Un an auparavant, Adam s'était retrouvé sur la côte Nord de l'Angleterre, à demi-nu, d'une saleté repoussante et blessé par les rochers contre lesquels la mer l'avait roulé. Il ne savait pas qui il était, il ignorait d'où il venait. La seule chose qu'il savait était qu'il avait faim, soif, et surtout, que le monde l'attendait. C'était en nouveau messie rustre et naïf qu'il avait marché le long de la côte, volant des vêtements et de la nourriture, pour finir par atterrir au Nord de Londres, au milieu de fermes agricoles, dans lesquelles un garçon de ferme fort et suffisamment peu cultivé pour ne pas rechigner à d'ingrates tâches contre un salaire de misère était le bienvenue.

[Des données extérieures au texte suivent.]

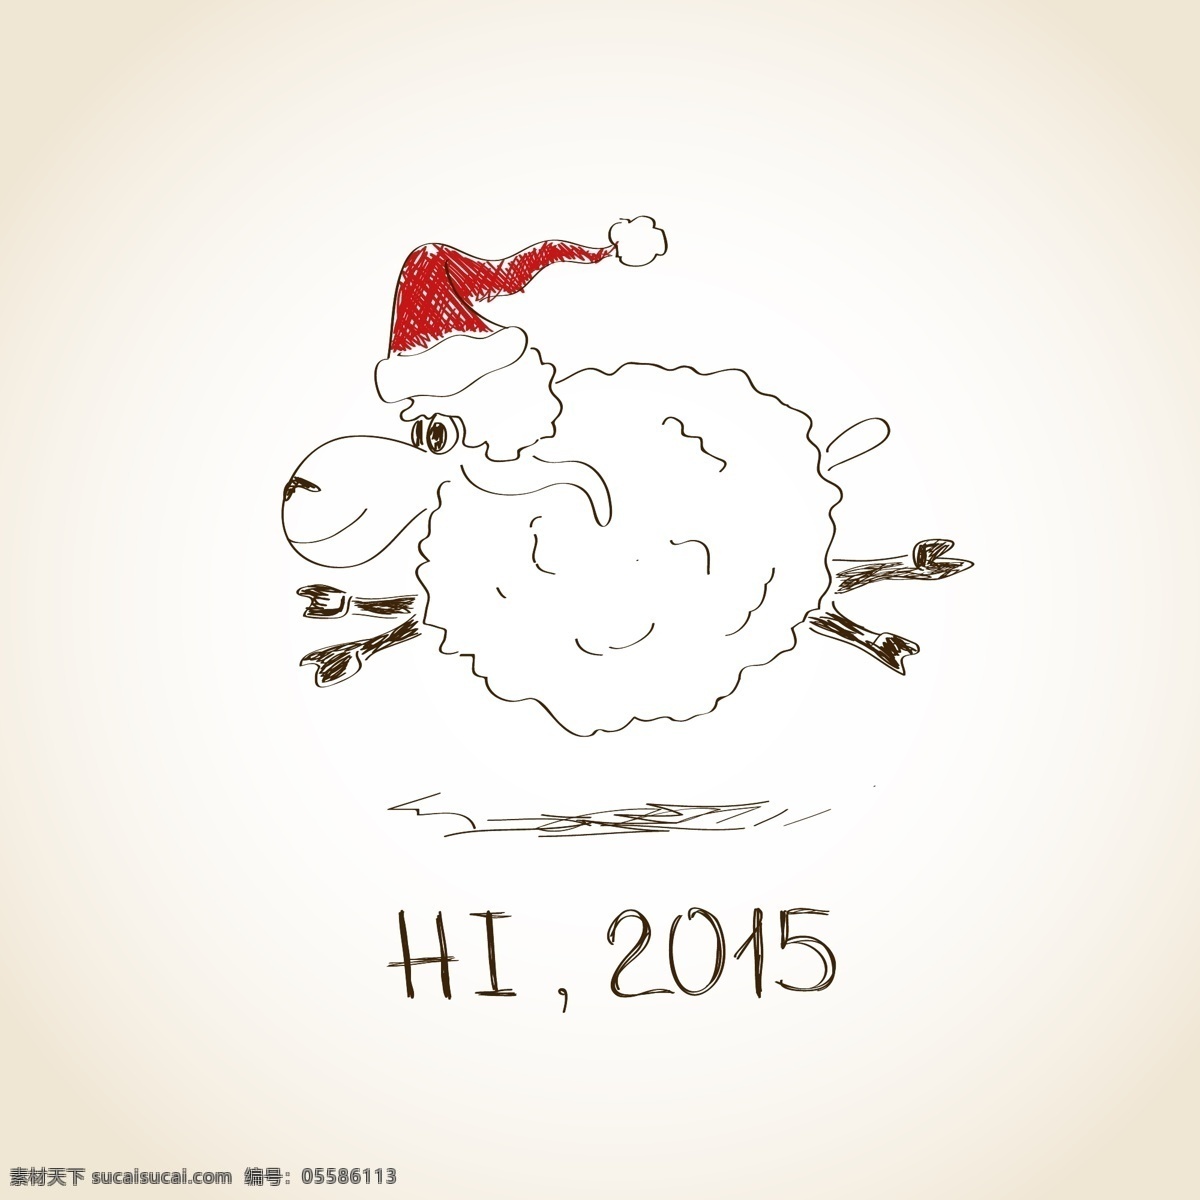 2015 手绘 绵羊 背景 矢量 eps格式 矢量图 线描 新年快乐 羊年 节日素材 2015羊年

C'était dans ces conditions qu'il vivait, et ce jour-là, un jour comme tous les autres durant la matinée duquel il allait vendre des légumes au marché, dans la brume de son esprit et de la ville, un homme, pour la première fois, lui disait quelque chose. Cet homme était peut-être un peu de sa mémoire disparu. Et s'il s'agissait d'un parent? Il mémorisa le lieu, devant le café colonial, au Nord-Est de la place du marché, espérant retrouver cet homme le midi même, après son travail. Mais lorsqu'il posa une dernière fois les yeux sur ce visage connu, cherchant peut-être à le situer dans un fragment de souvenir qui lui serait revenu, ou simplement à mémoriser son visage, celui-ci disparu. Il disparut avec autant de facilité et de netteté qu'il n'était apparu écartant autour de lui la brume épaisse. Adam soupira en glissant les mains dans sa poche ventrale de salopette. Au loin, Big Ben sonnait.

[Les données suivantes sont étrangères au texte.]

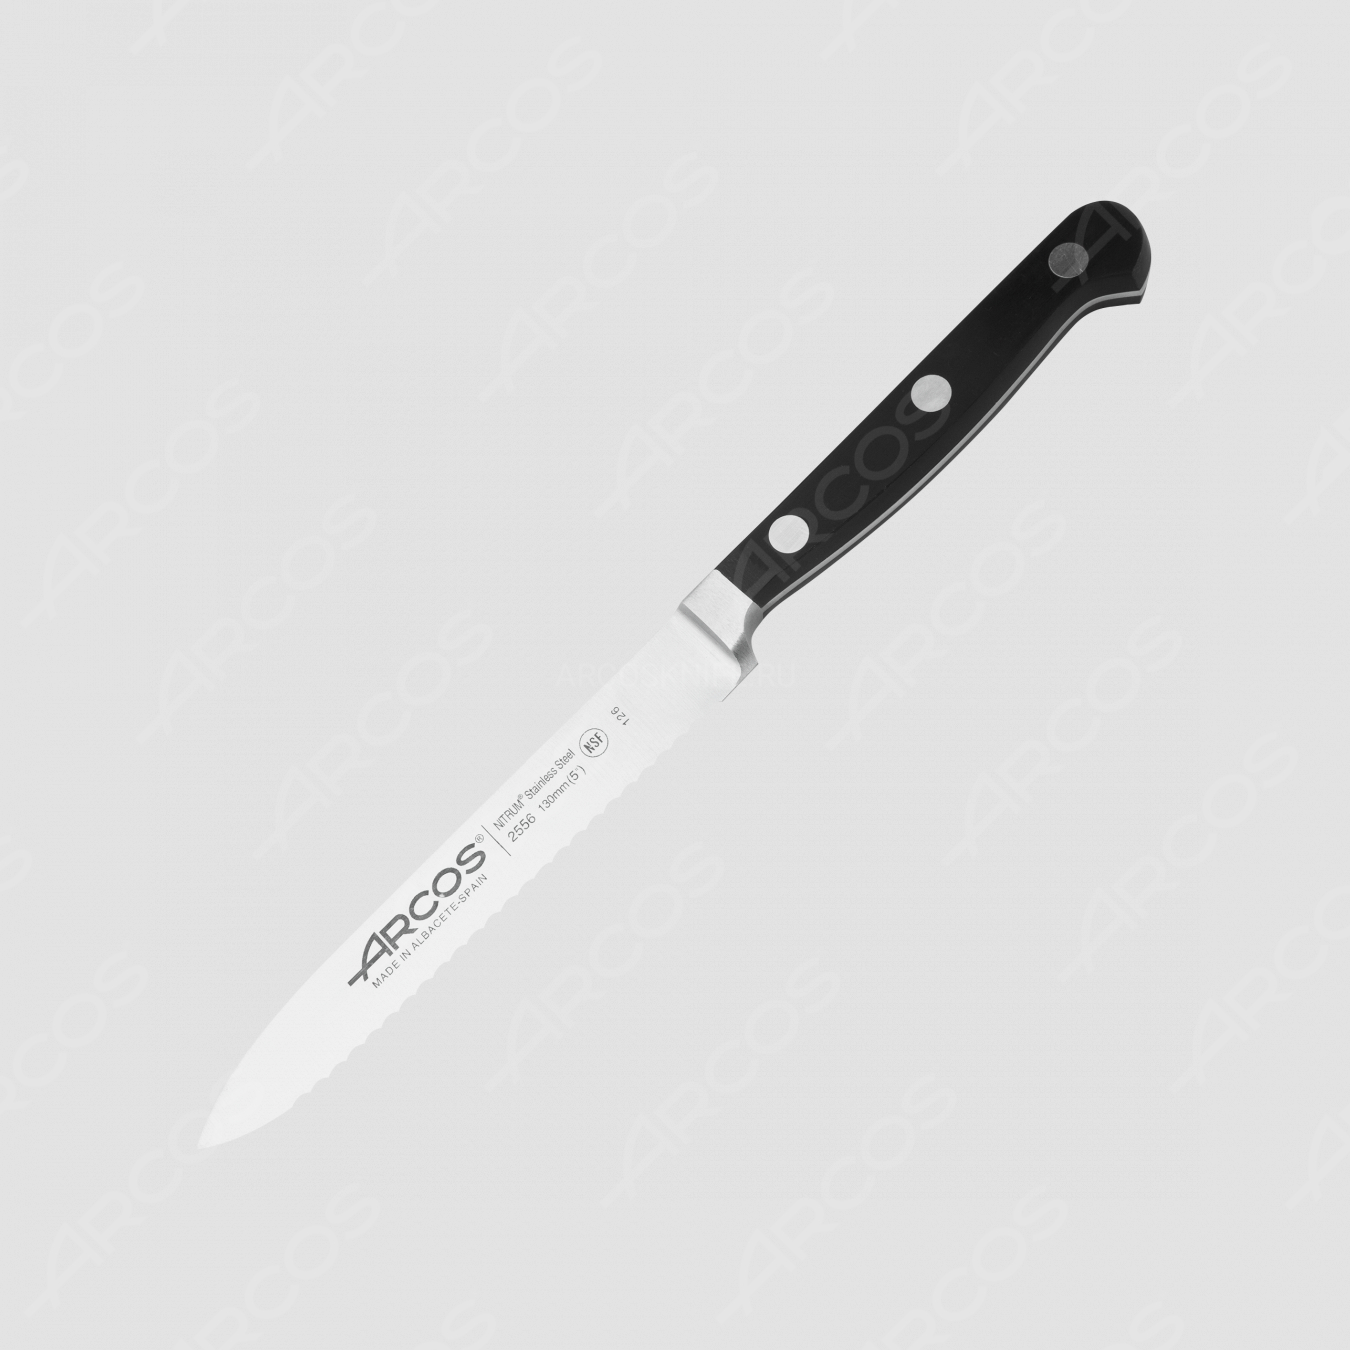 Нож кухонный для томатов 13 см, серия Clasica, ARCOS, Испания

Un mois s'écoula. Les fêtes de Noël approchaient, la foule s'agitait, et Adam, très prit, autant par la production qu'il fallait accélérer, que par les marchés dans lesquels il fallait répondre aux demandes présentes, n'y pensa plus. Il fournissait plusieurs maraichers, passait ses matinées à cavaler entre les étales, et, à l'approche de midi, serein, il redescendait sur les docks pour reprendre le bac et remonter le fleuve jusqu'au Londres Nord, où il retrouvait sa petite mansarde insalubre, cachée derrière les bâtiments de la ferme.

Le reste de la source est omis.